---- Data excerpt

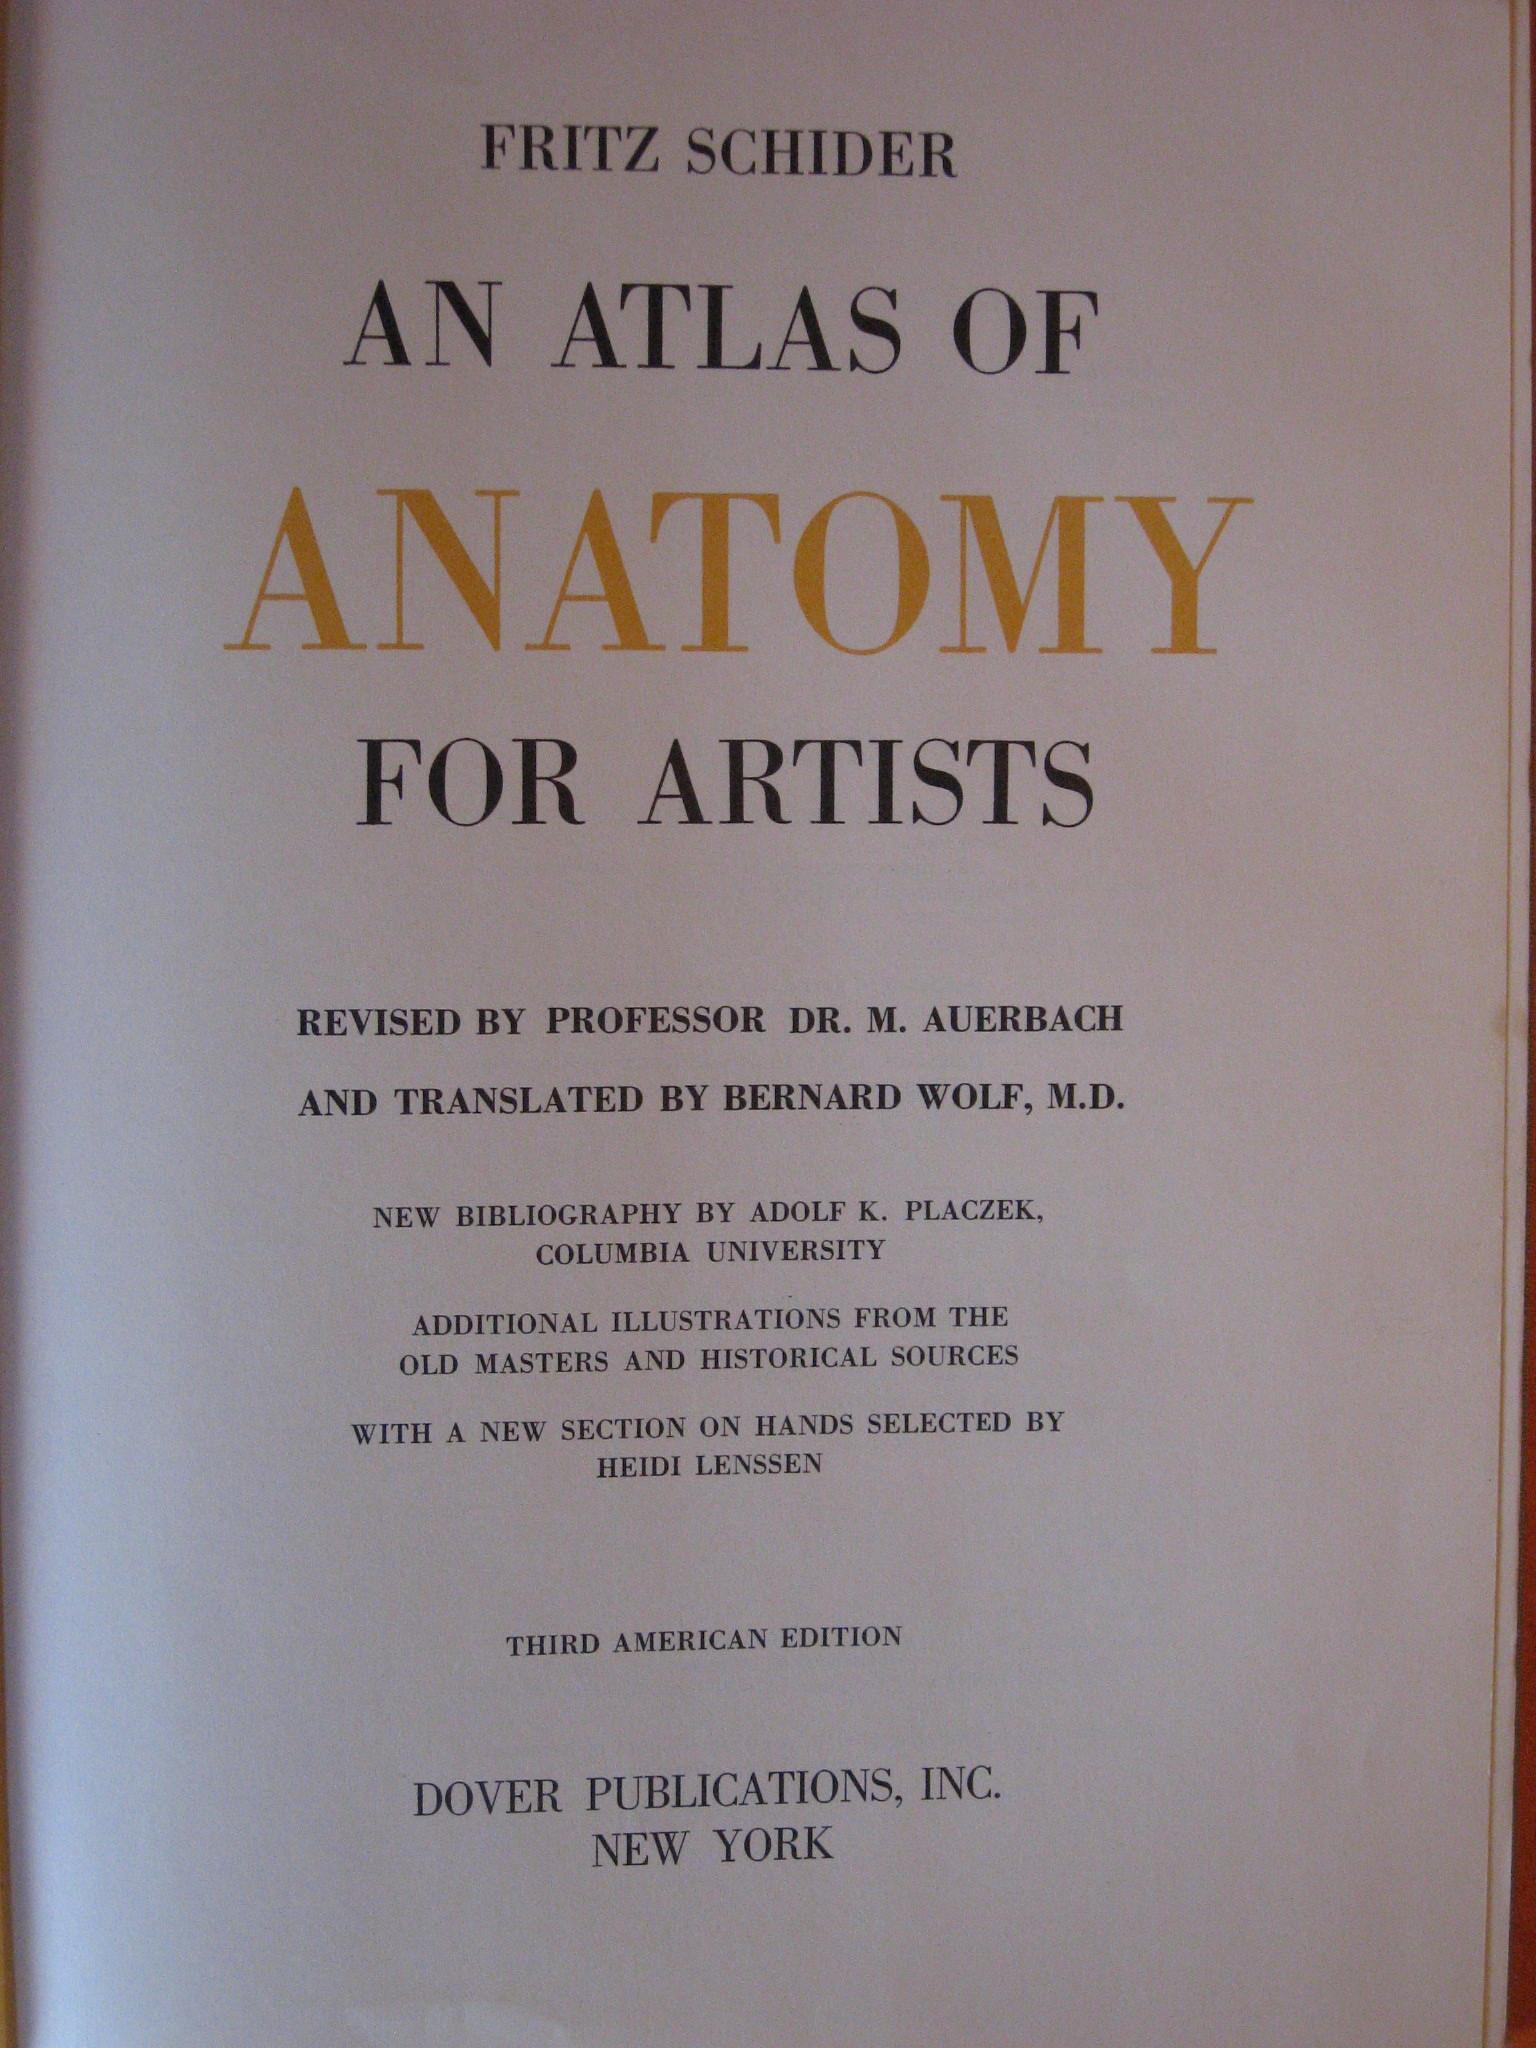 An Atlas of Anatomy for Artists, Schider, Fritz
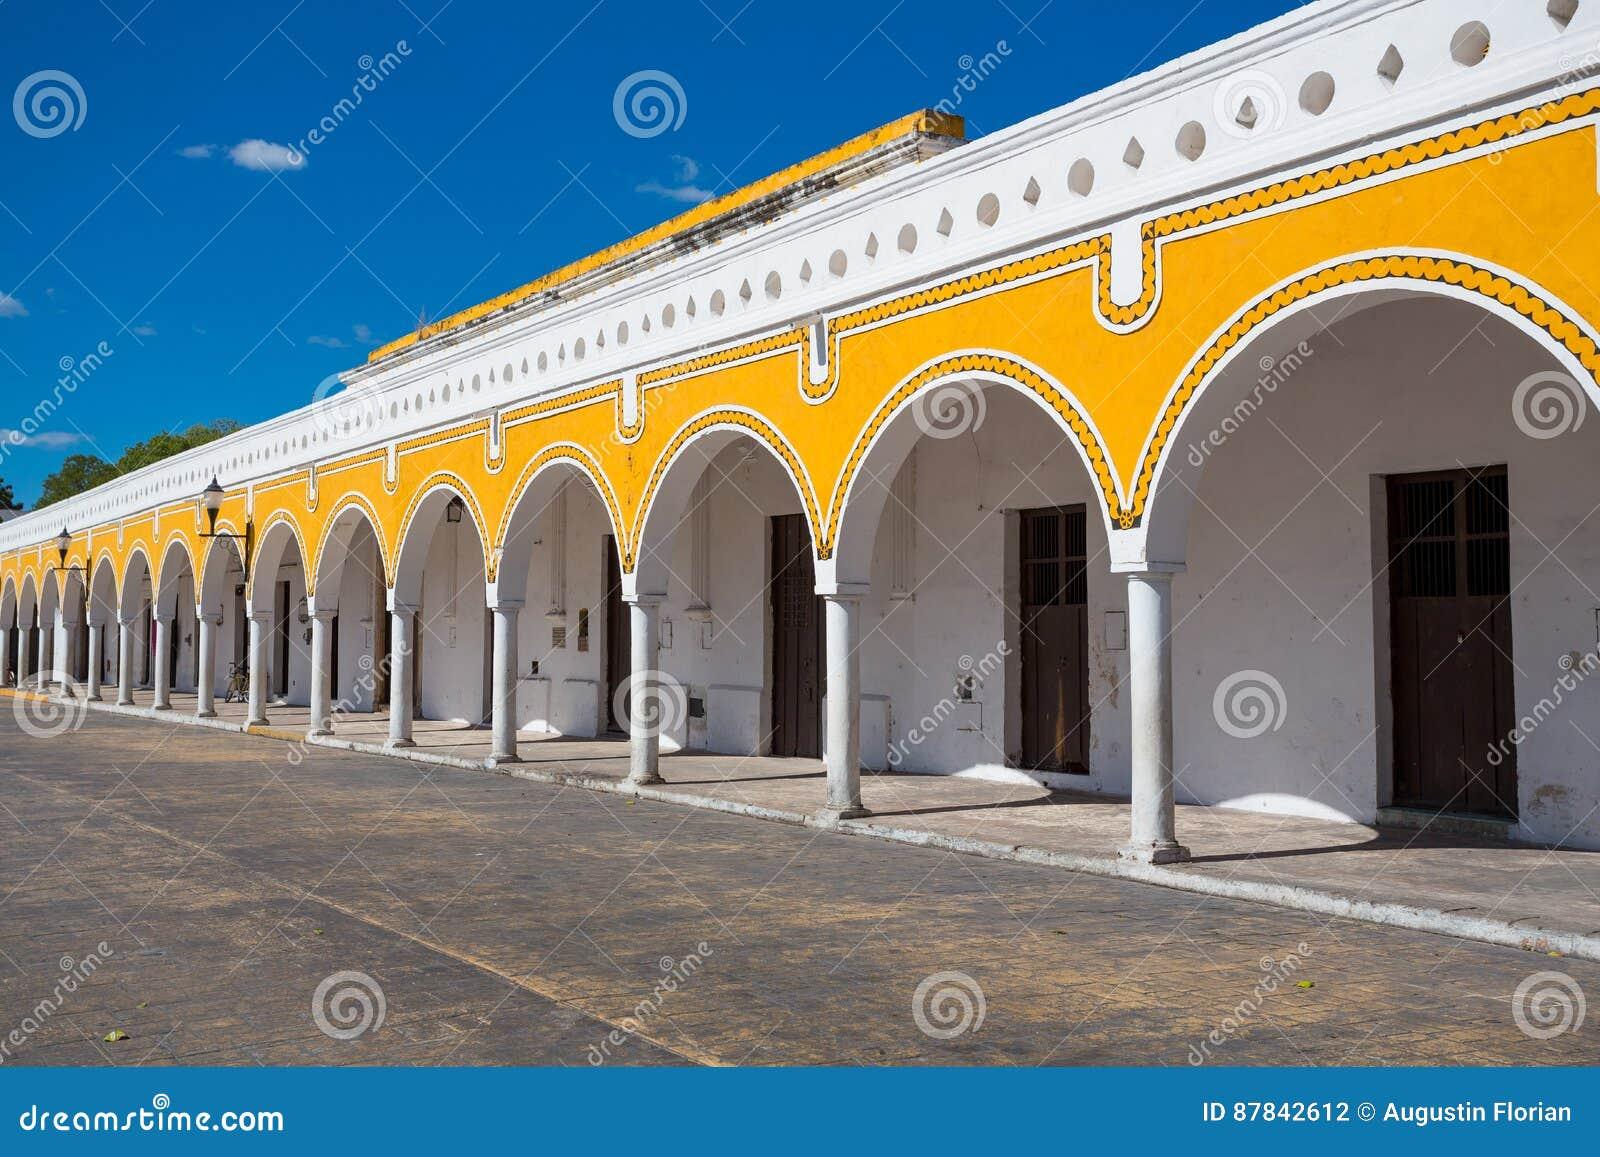 Yellow building in Izamal, Mexico
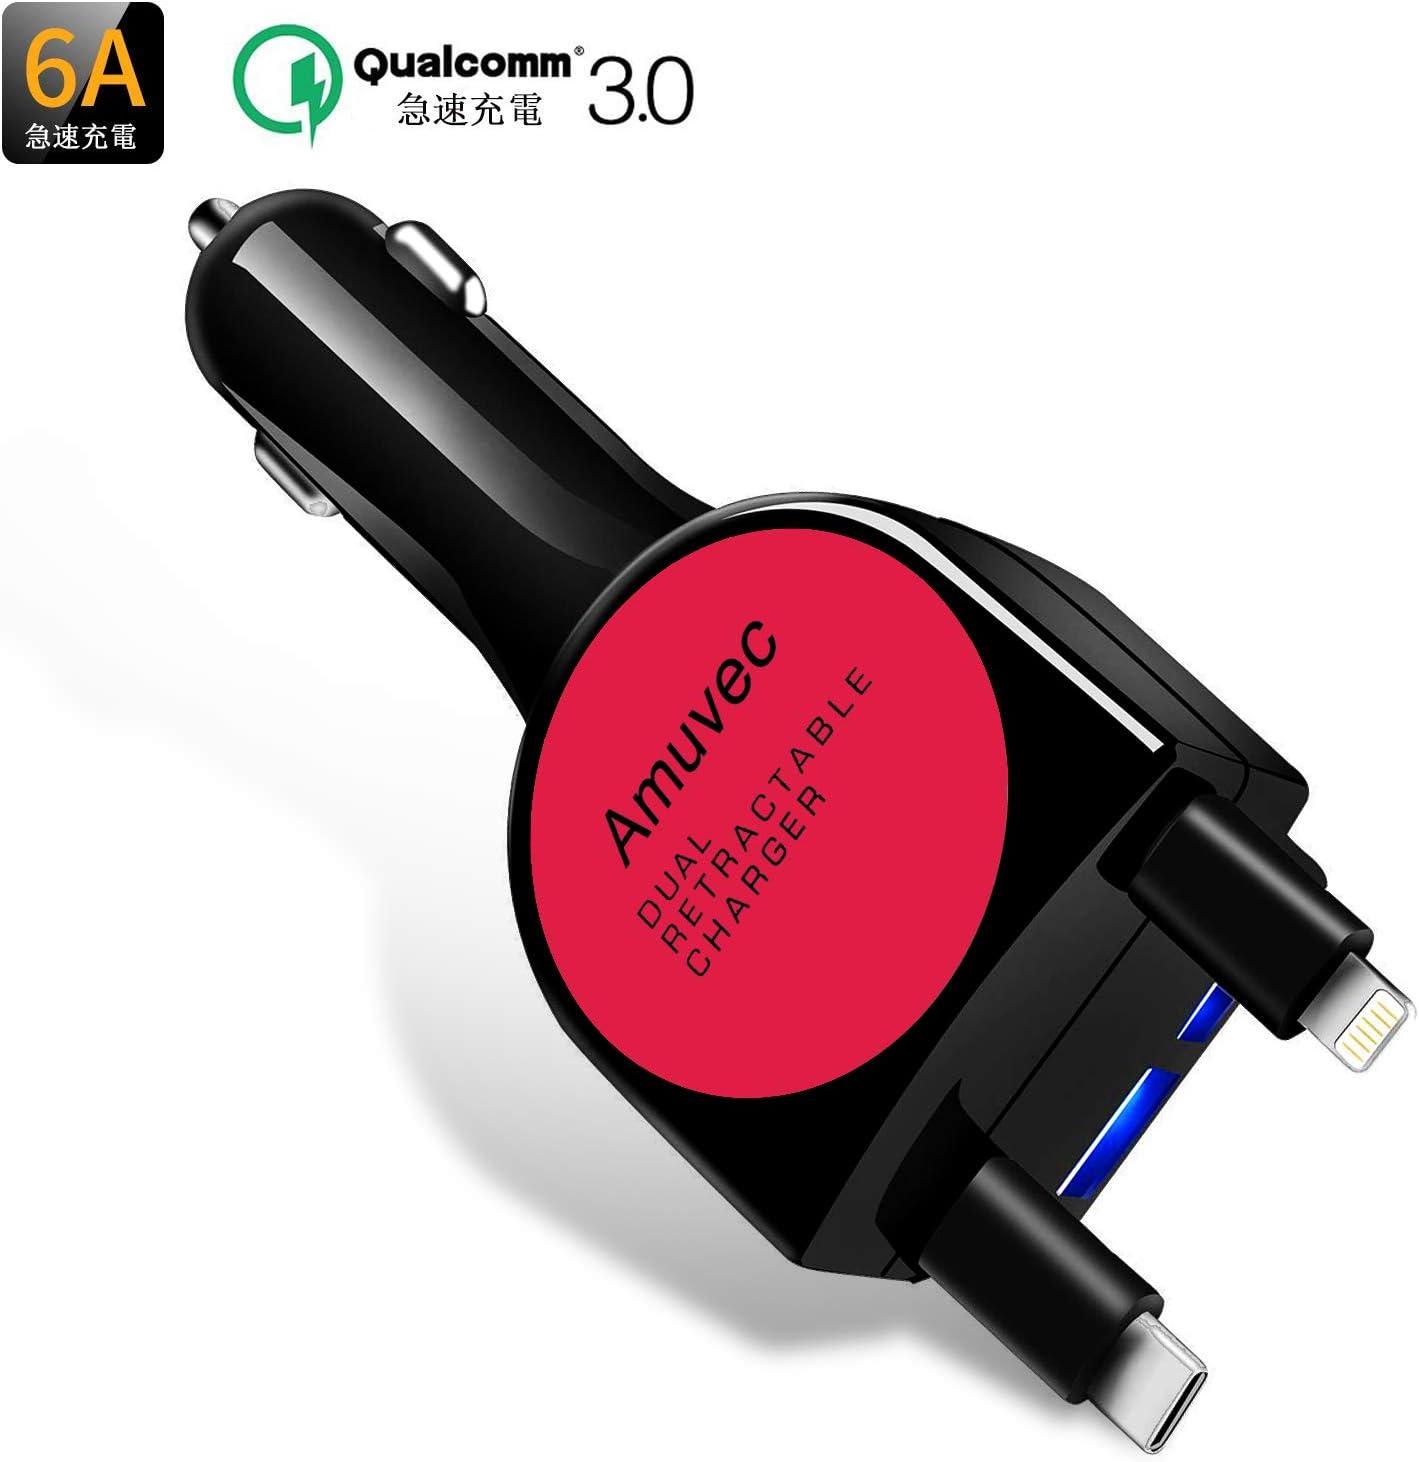 【Quick Charge 3.0】Amuvec 車載充電器 USB2ポートカーチャージャー シガーソケットチャージャ しがらいたーソケット usb 急速充電(6A/40W) LightningとタイプCデュアル80cm 巻取り式ケーブル ために iPhone XS/ Max/ XR/ X/ 8 /7/ 6/ Plus /Galaxy S9/ S8/ Note 8 LG V30 Google Pixel 2 XL/SamSung 対応 (赤) …
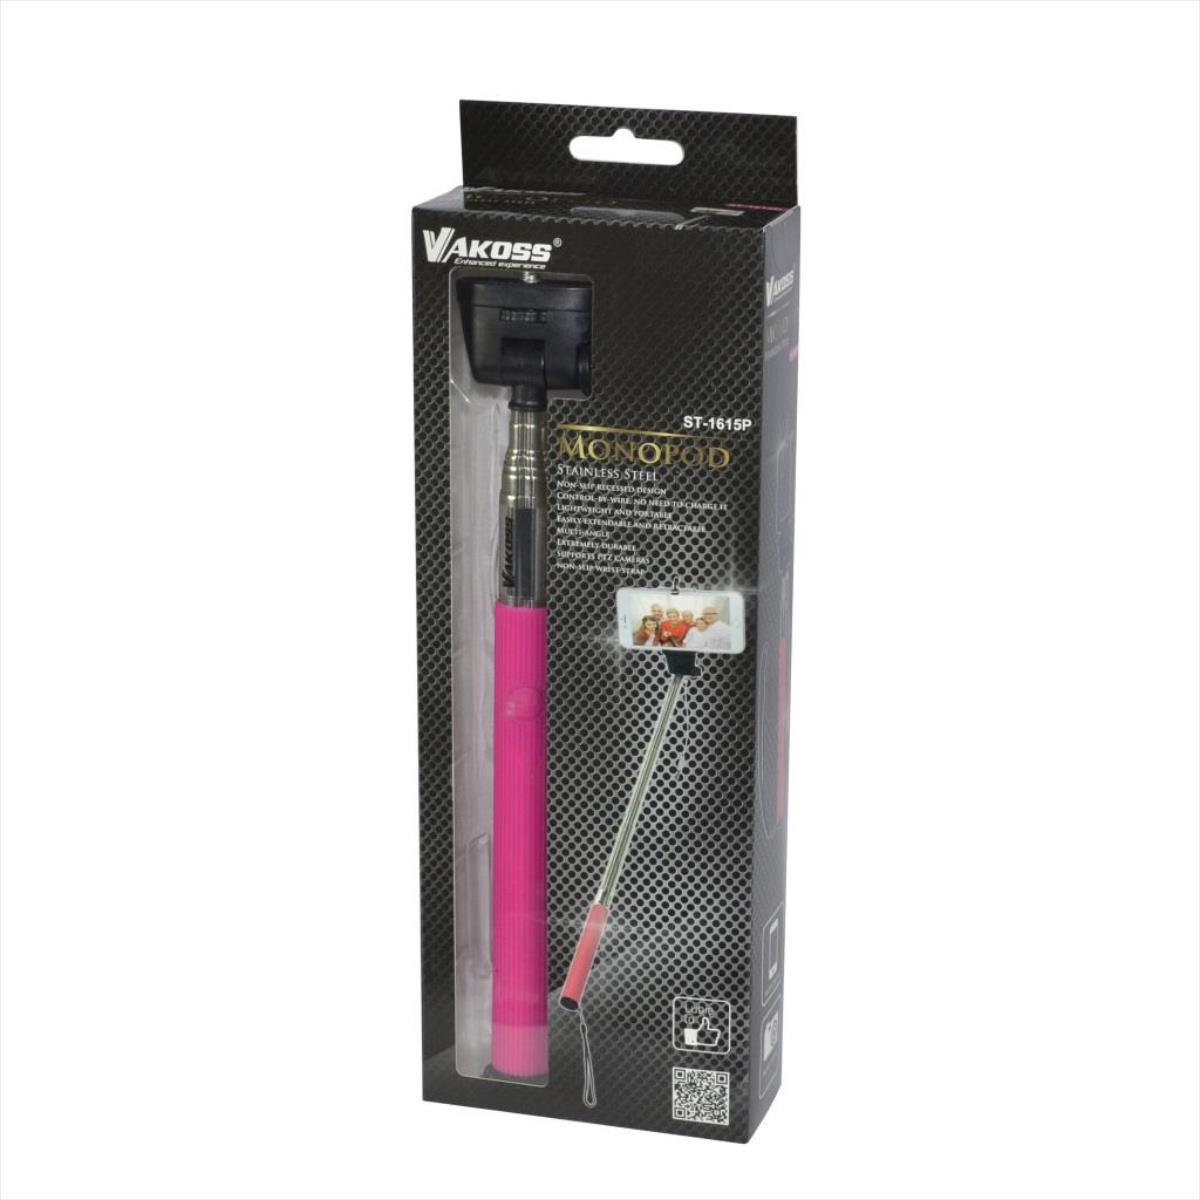 VAKOSS SELFIE Stick with cable minijack 3,5mm  ST-1615P pink Selfy Stick

--------

Output the data above exactly; pictures do not belong in the copy.

 An Atlas of Anatomy for Artists, Schider, Fritz
 Yellow building in Izamal, Mexico
 【Quick Charge 3.0】Amuvec 車載充電器 USB2ポートカーチャージャー シガーソケットチャージャ しがらいたーソケット usb 急速充電(6A/40W) LightningとタイプCデュアル80cm 巻取り式ケーブル ために iPhone XS/ Max/ XR/ X/ 8 /7/ 6/ Plus /Galaxy S9/ S8/ Note 8 LG V30 Google Pixel 2 XL/SamSung 対応 (赤) …
 VAKOSS SELFIE Stick with cable minijack 3,5mm  ST-1615P pink Selfy Stick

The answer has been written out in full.